Reputation: 343
I have one third-party exported function and three structures of the same size, same numer of members but different member types:
[StructLayout(LayoutKind.Sequential, CharSet = CharSet.Ansi, Pack = 1, Size = 34)]
public struct StructA
{
public Int32 id;
public Int16 year;
public Char month;
public Char day;
// and 12 more Char members
}
[StructLayout(LayoutKind.Sequential, CharSet = CharSet.Ansi, Pack = 1, Size = 34)]
public struct StructB
{
public Int32 id;
public Int16 year;
public Byte month;
public Byte day;
// and 12 more Byte members
public Int64 padding1;
public Int32 padding2;
public Int16 padding3;
// padding fields supply the 14 bytes left of the total size (34)
}
[StructLayout(LayoutKind.Sequential, CharSet = CharSet.Ansi, Pack = 1, Size = 34)]
public struct StructC
{
public Int32 id;
public Int16 year;
public Int16 month;
public Int16 day;
// and 12 more Int16 members
}
private static extern Int32 foo_nction(ref struct structure);
I would expect that StructA and StructC have the same result because they have the same number of parameters in the same order and each parameter correspond not in types but in sizes, but the most similar results are between StructA and StructB despite their types are not equivalent in sizes.
THE FACTS ARE THAT:
When I pass StructA as parameter to the 3rd-party function everything works perfect.

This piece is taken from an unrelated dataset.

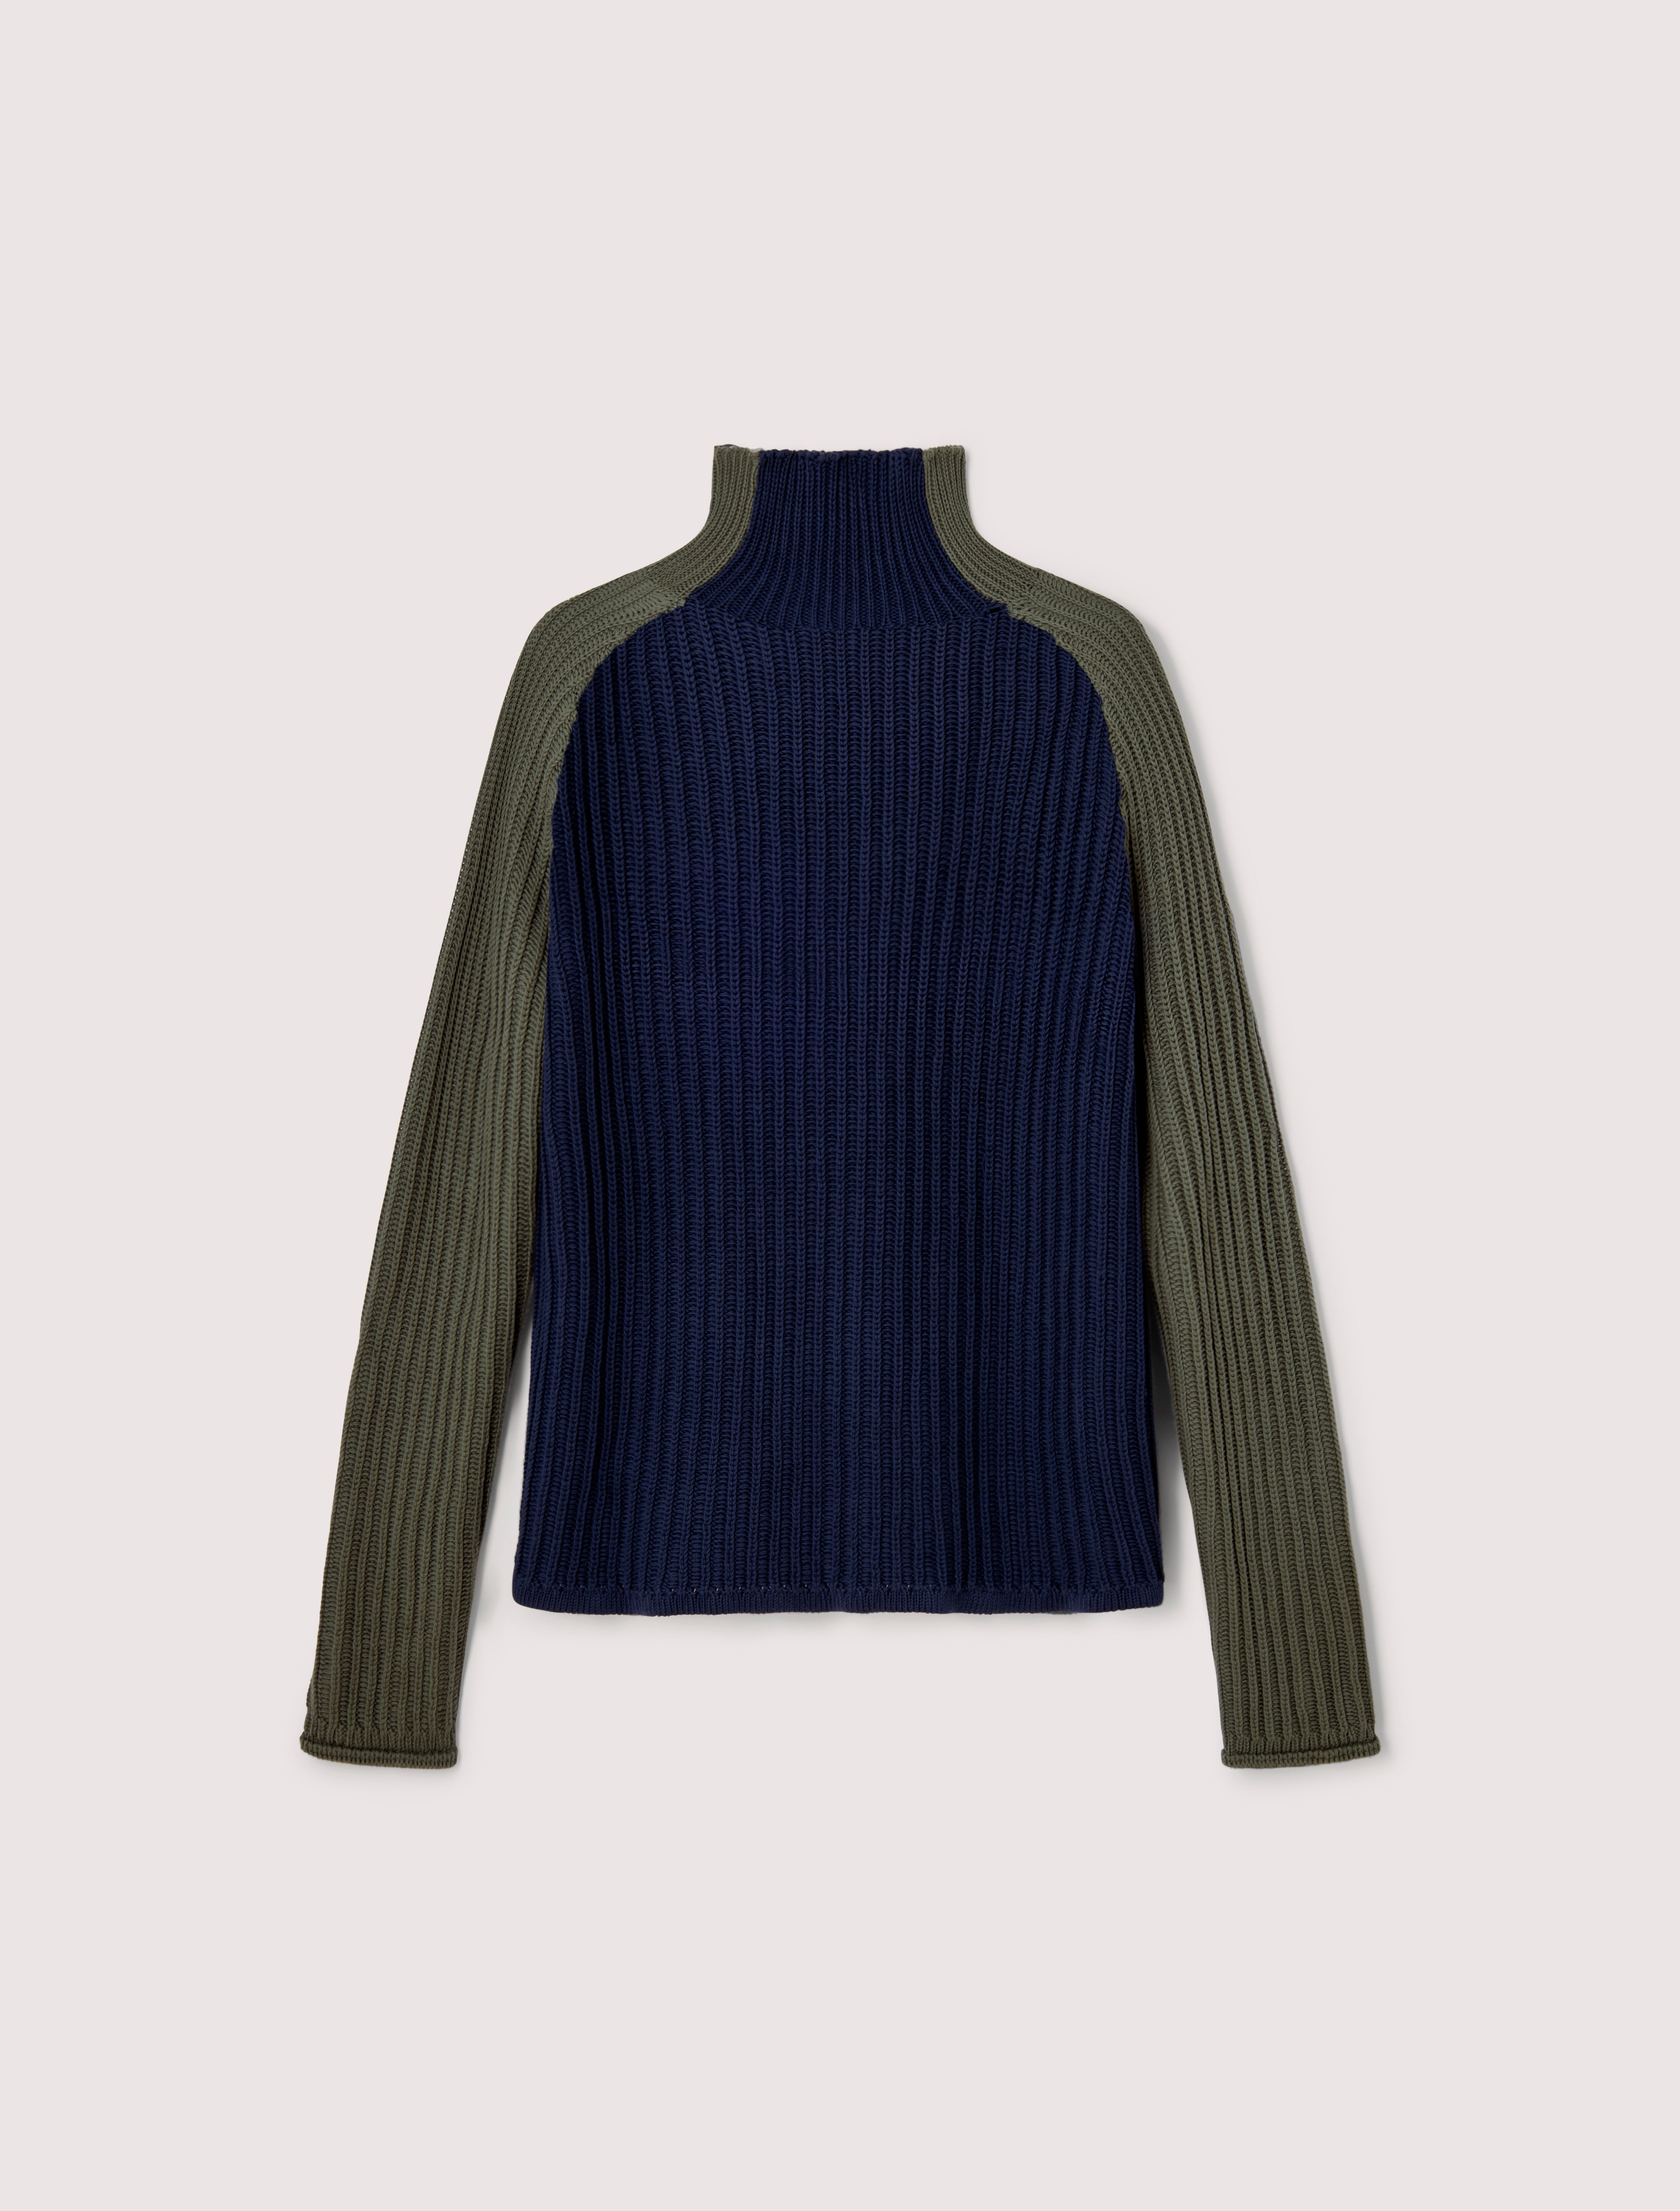 CARRER_REC KNITTED ZIP UP IN BLUE AND GREEN
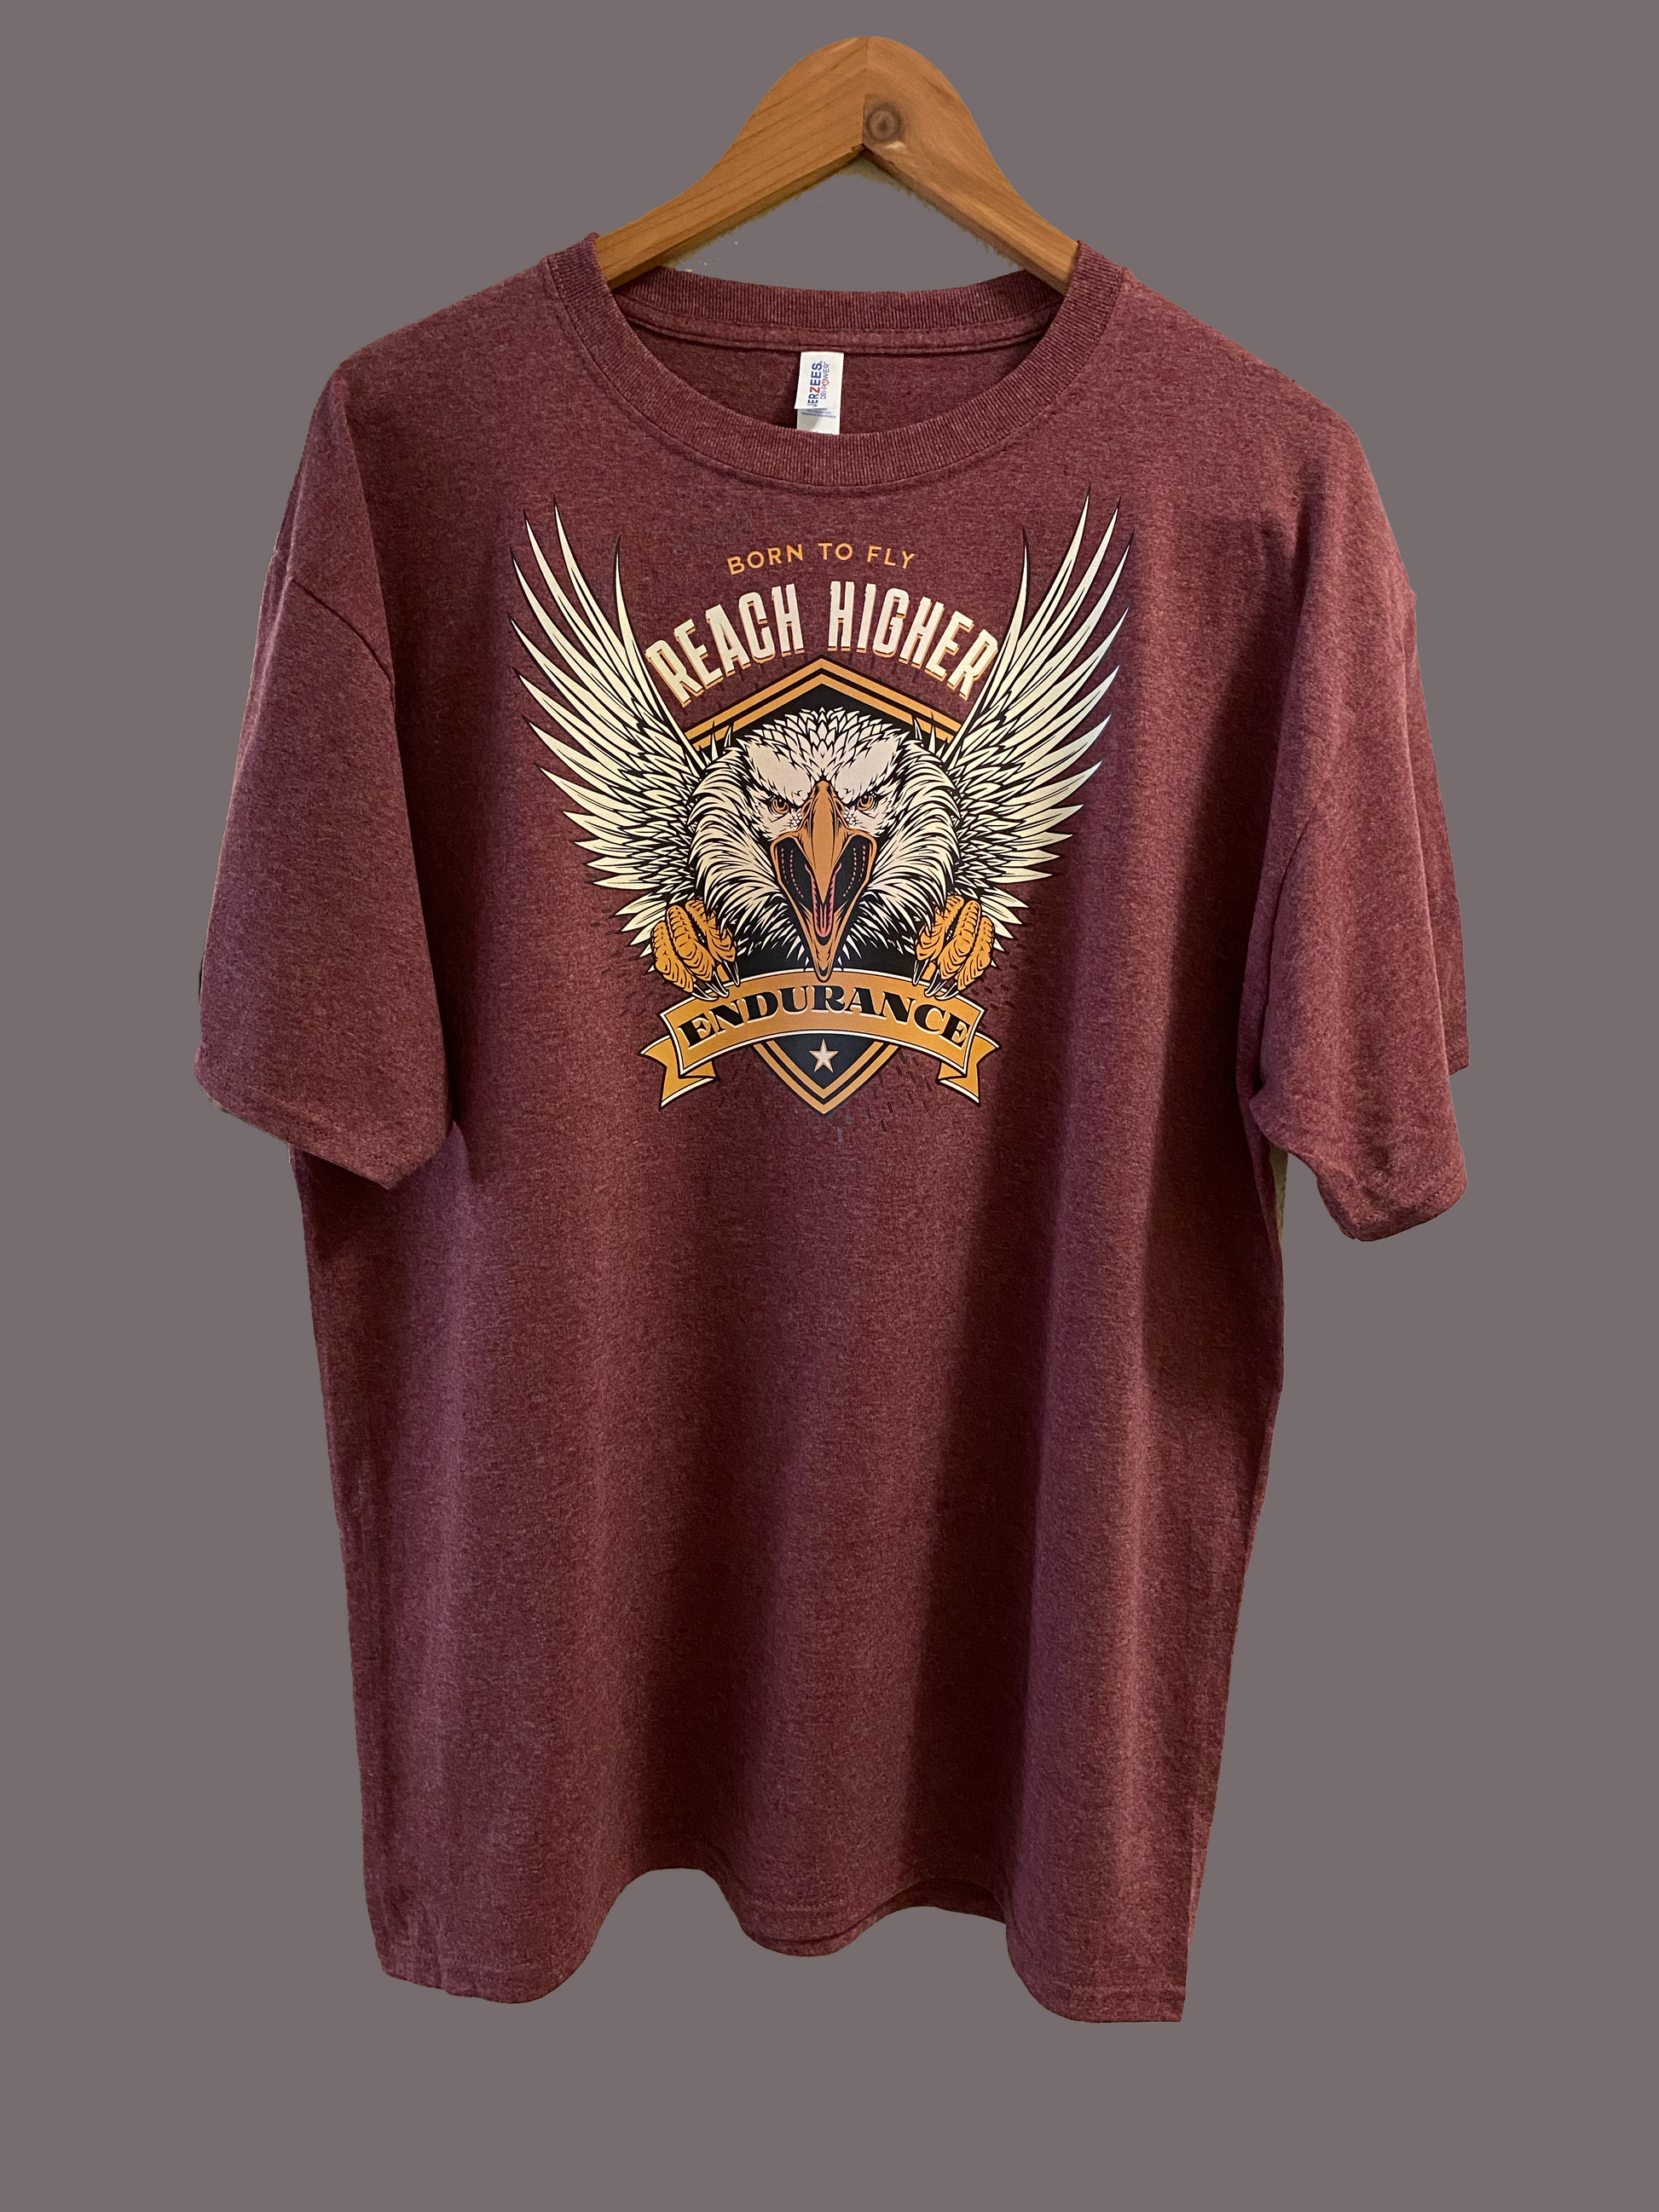 American Eagle Born to Fly T-shirt - Tortuna

When I pass StructB as parameter its members get the expected values but truncated because Char's physical bytes are two and Byte's is one (as our friendly forum pals remarked).
When I pass StructC as parameter the values from the 3rd-party function melt as if one Int16-type value could storage two Char-type values. For example, when I pass StructA as parameter I receive date data that forms "2013-5-27" and when I pass StructB I receive date data that forms "2013-6917-2"
Could anyone please explain the reason of this behavior?
Upvotes: 0
Views: 146
Reputation: 4693
Update:
Sorry for that I did't build an example for the test. I'd suggest that to have a look at this answer:
Calling C++ function from C#, with lots of complicated input and output parameters
and other answers of that question are also good with more explanation.
I think the whole point is you are confused with [marshaling]. Your data, either structure or array was not passed directly to C++ side, but marshal as what it is, that is, it's copied into a pinned memory, and then passed to the C++ code. The CharSet
is not used to deside the physical length of data but how to interpret the characters.
The physical bytes of Char
is two; but byte
is one. Your data might be truncated.